◆ EXERCISE DESCRIPTION ◆
Could every line below be transcribed exactly, with the pictures dropped?

◆ COLLECTED MATERIAL ◆
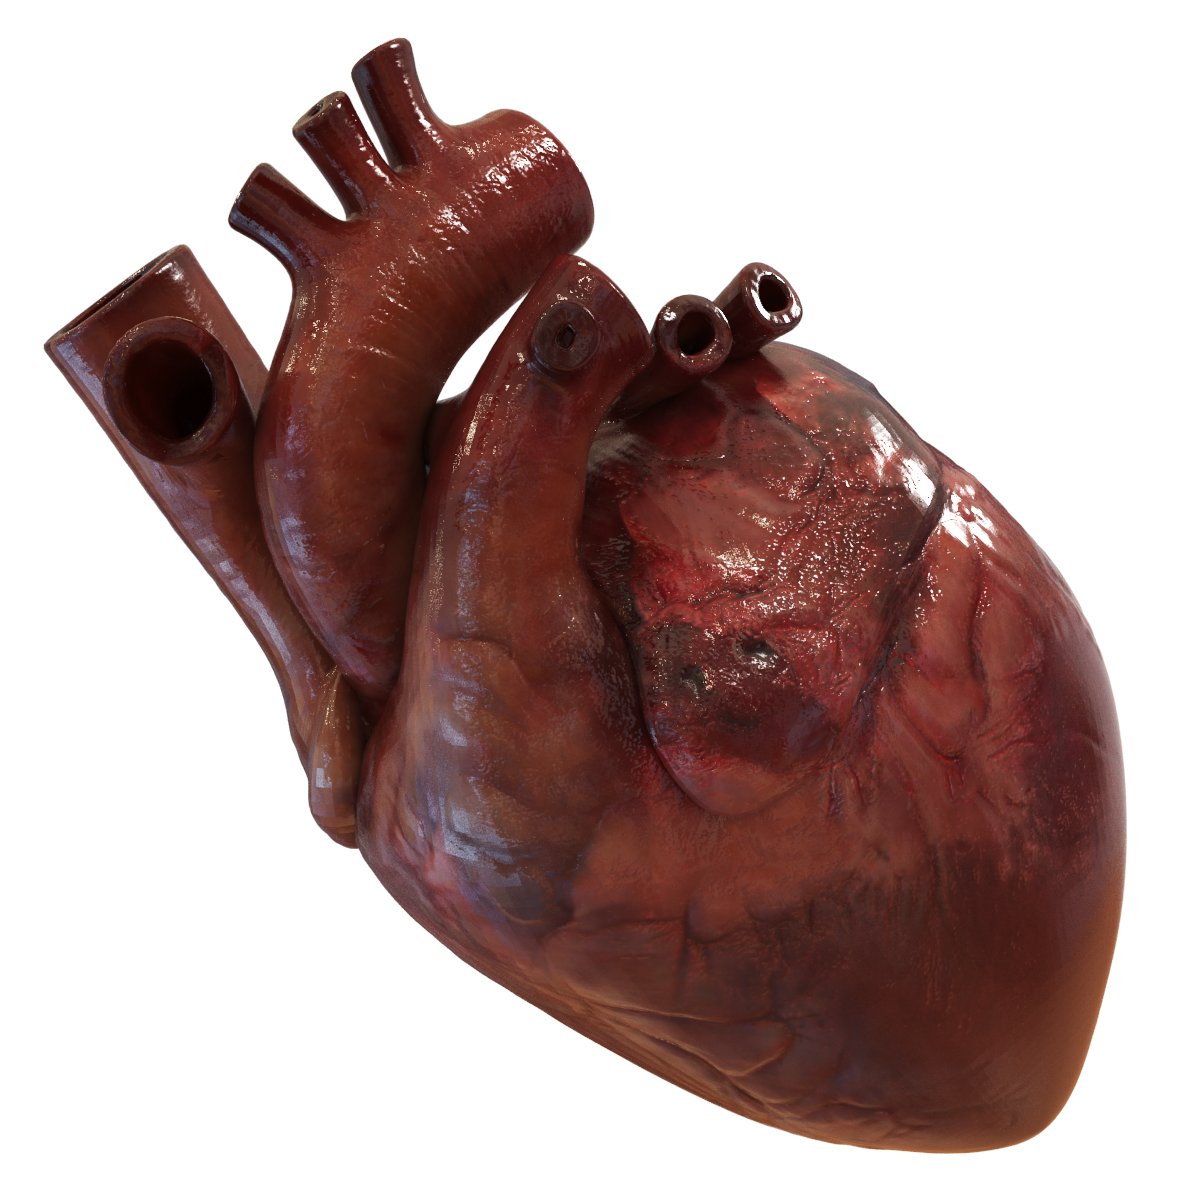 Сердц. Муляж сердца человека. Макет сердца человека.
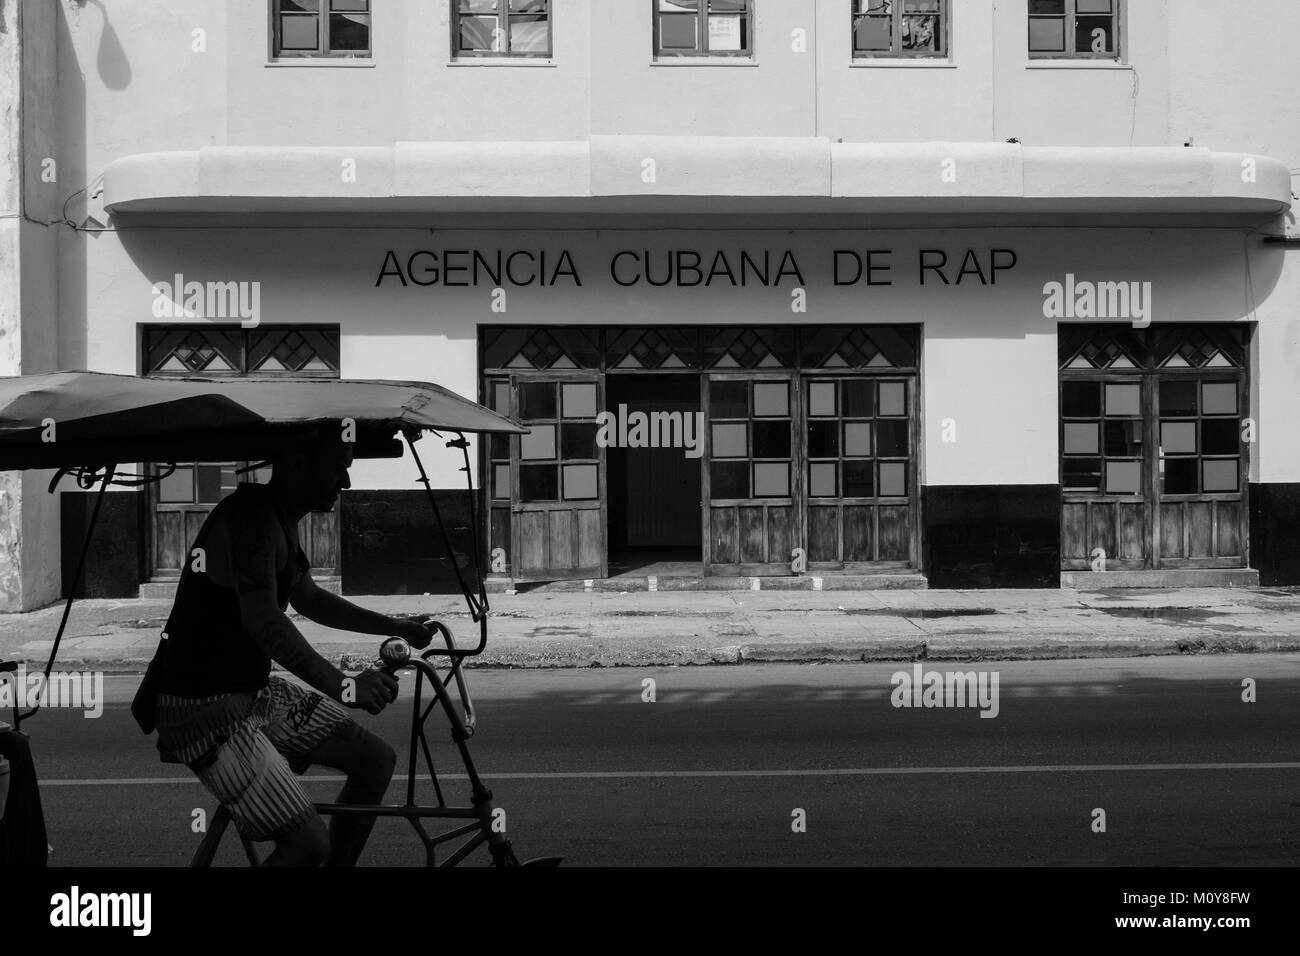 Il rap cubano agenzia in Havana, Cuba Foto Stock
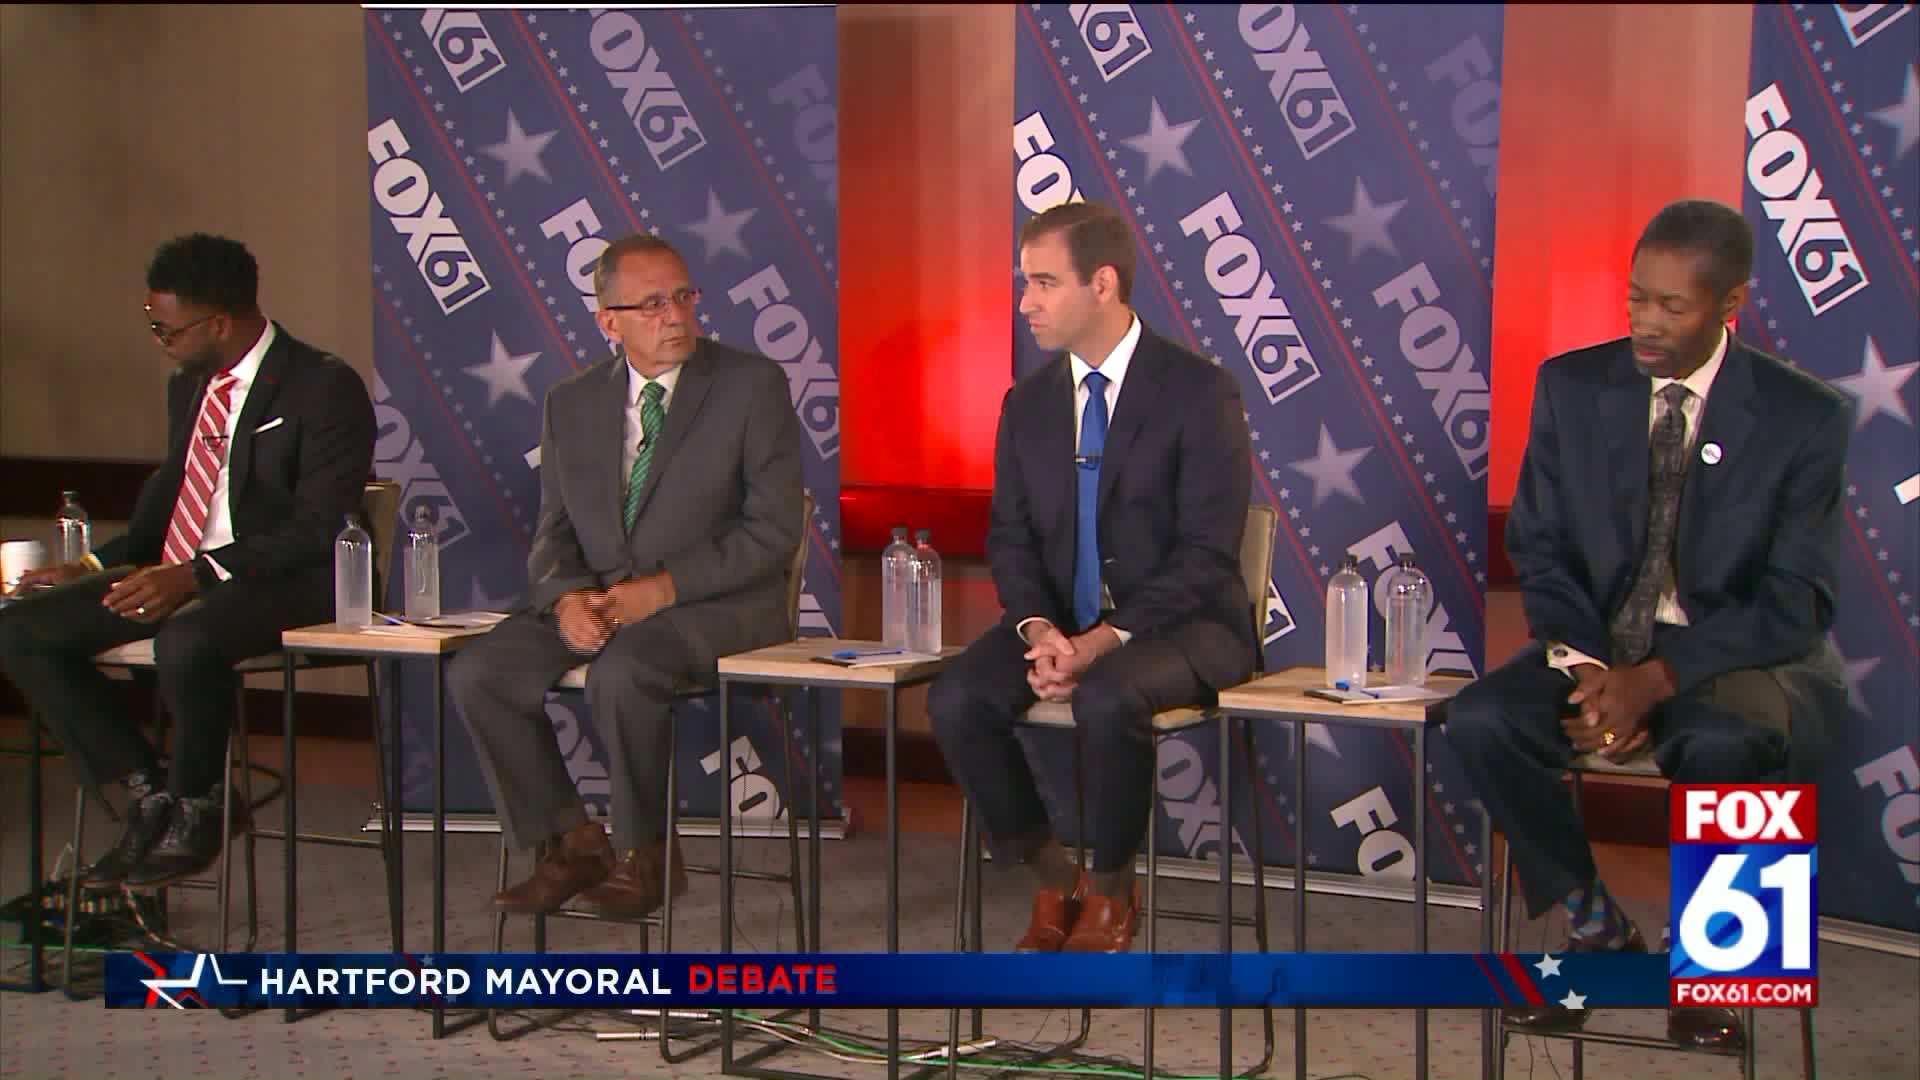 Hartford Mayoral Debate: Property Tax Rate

◆ RESPONSE ◆
 Сердц. Муляж сердца человека. Макет сердца человека.
 Il rap cubano agenzia in Havana, Cuba Foto Stock
 Hartford Mayoral Debate: Property Tax Rate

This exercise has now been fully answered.